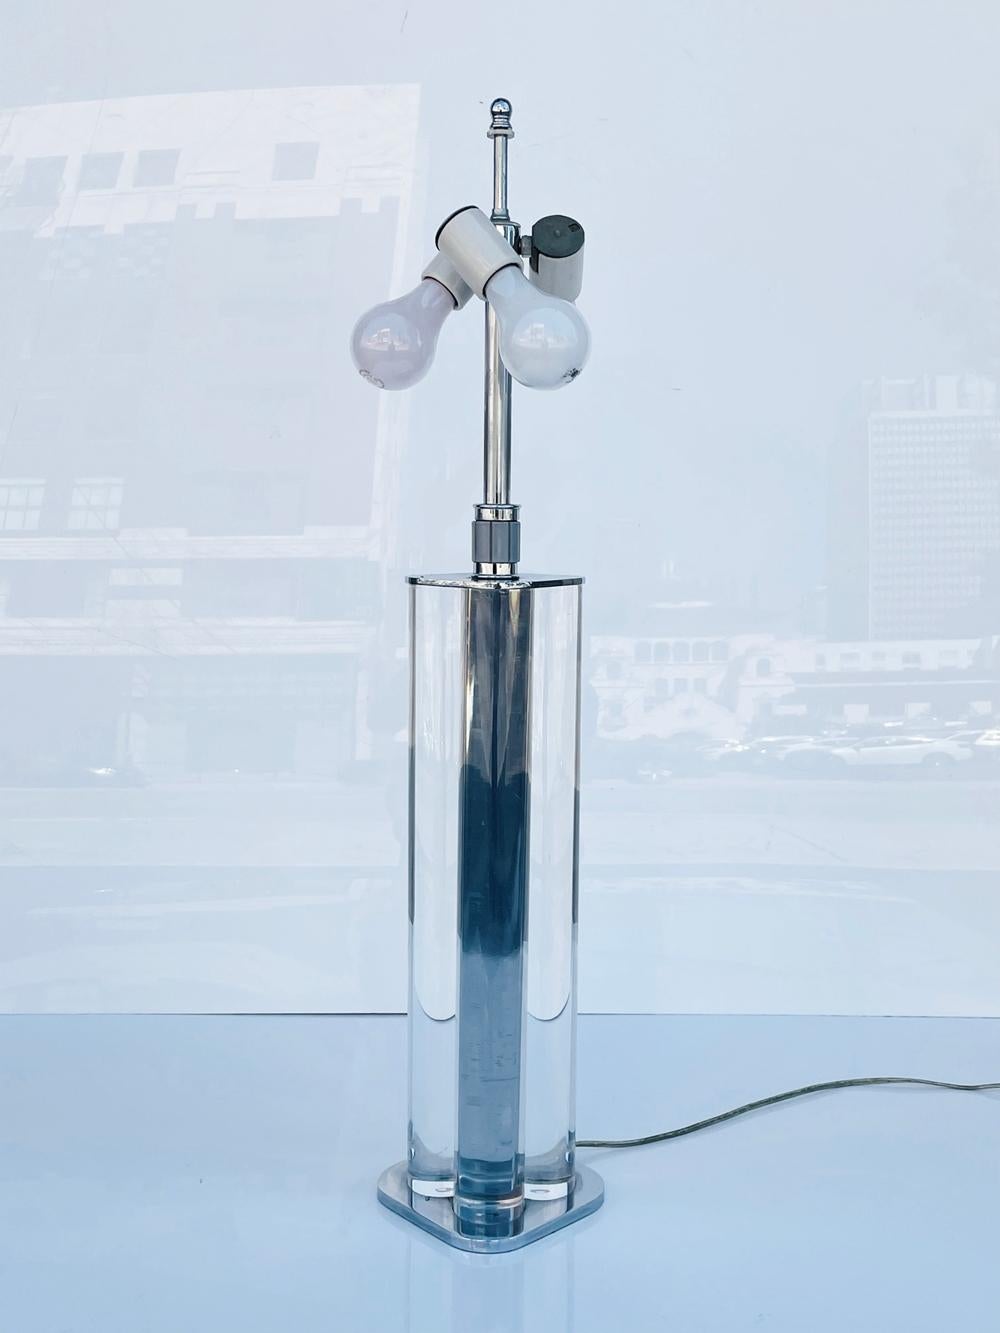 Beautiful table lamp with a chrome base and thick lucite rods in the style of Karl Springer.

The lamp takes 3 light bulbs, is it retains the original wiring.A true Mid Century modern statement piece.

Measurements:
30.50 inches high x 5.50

# [YOUR ASSIGNMENT]
Give back the material above exactly, without pictures.

# [SOLUTION TO THIS EXERCISE]
 Beautiful table lamp with a chrome base and thick lucite rods in the style of Karl Springer.

The lamp takes 3 light bulbs, is it retains the original wiring.A true Mid Century modern statement piece.

Measurements:
30.50 inches high x 5.50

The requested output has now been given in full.